Although this mentions Religion, it is really a Tech / soc networking post.
The other day I had a "conversion class" at Church with a group of people who are looking to either be received into the Church or for Adult Confirmation. As we were leaving I mentioned to a couple of folks that someone reached my blog by goggleing "tom synan conversion" (Tom Synan was the Priest running the class), and I was curious if it was one of them. Their answer baffled me, "I've never really understood, what's a blog"? I resisted the urge to say "google it" and I did my best to explain blogging and the basics of social media.
But this makes me wonder, are we failing in our mission to educate folks in what we're doing? As early adopters we often say we are here to shake out these technologies so when the late adopters come along, the tech is usable for them. Isn't it also our responsibility to shepherd these folks into social media, and are we failing in our task?
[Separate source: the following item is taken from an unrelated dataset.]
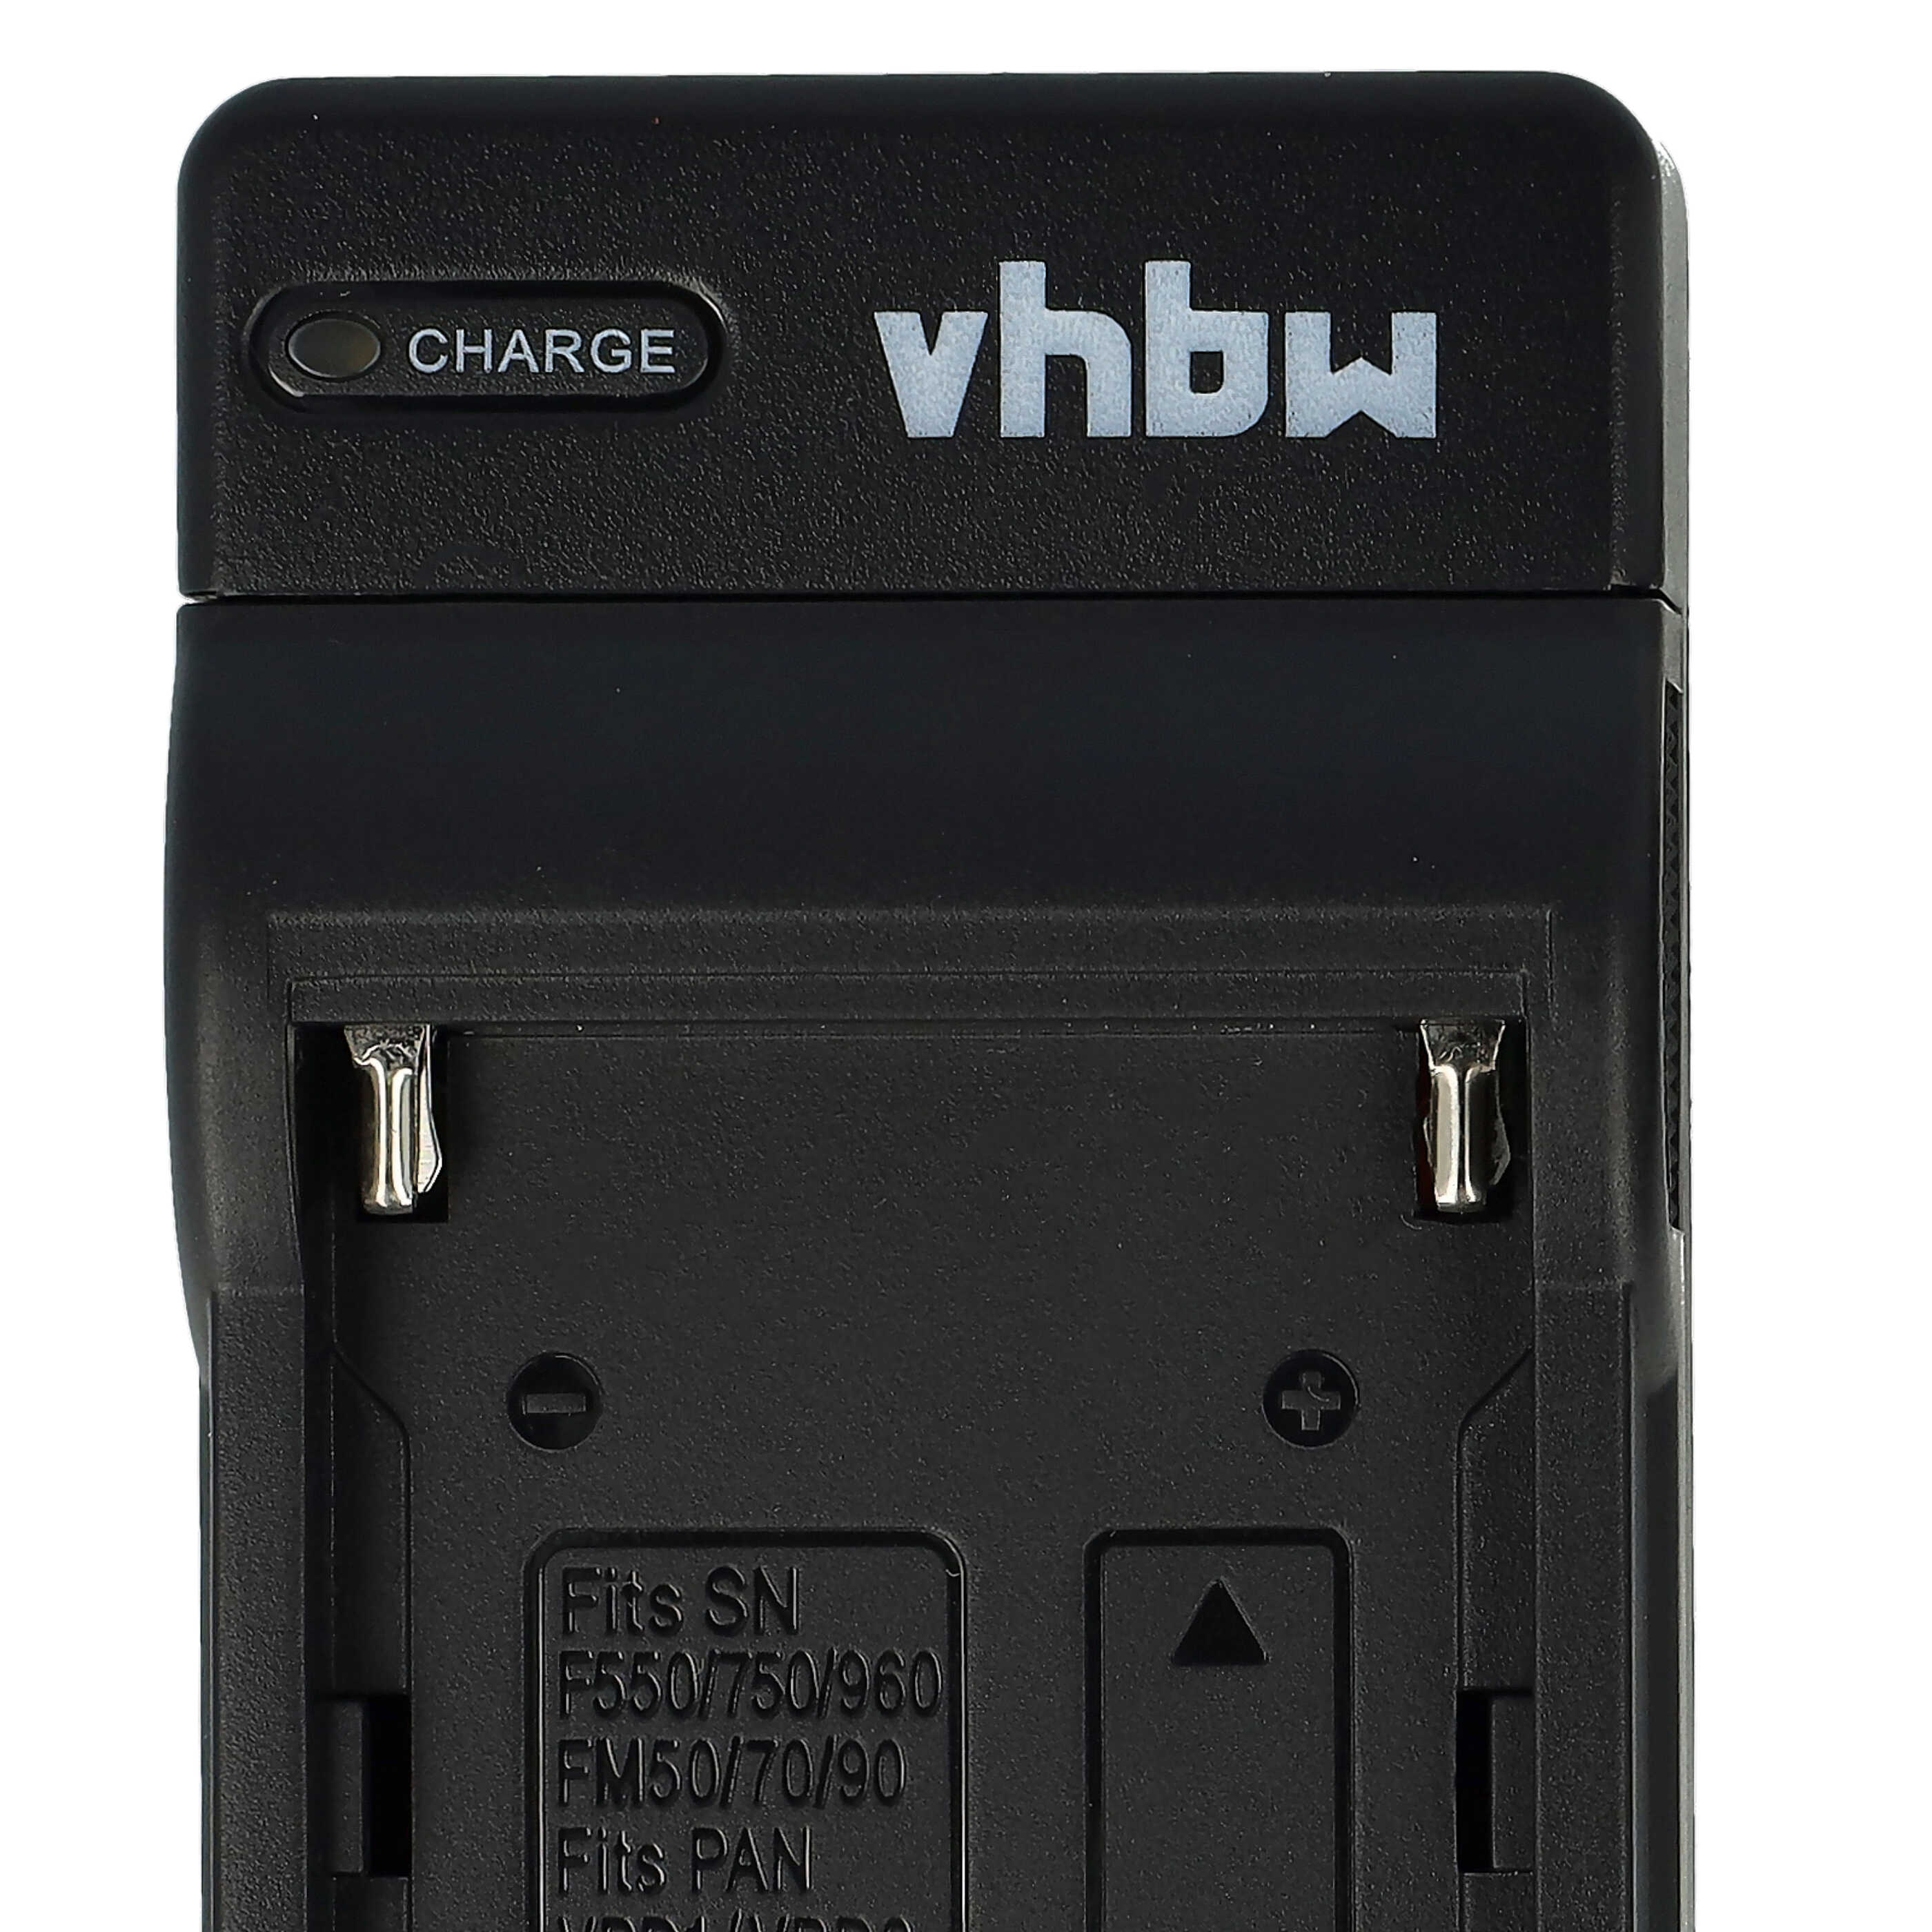 Battery Charger suitable for Panasonic VW-VBD1E Camera etc. - 0.5 A, 8.4 V

There has been talk about the widening gap between early adopters and everyday users as of late. Where there are services that aren't ready for the average user, it surprised me that more mature services such as flickr aren't more universally being used. Up until now I assumed that was people not understanding it. I now believe we're just not doing a good job of selling it. A lot of folks in this community call themselves "social media evangelists" but looking around, most of them are only preaching to the converted. Talking about how great these services are on twitter and friendfeed doesn't help adoption.
I'm curious to hear how folks feel we should go about educating everyday users.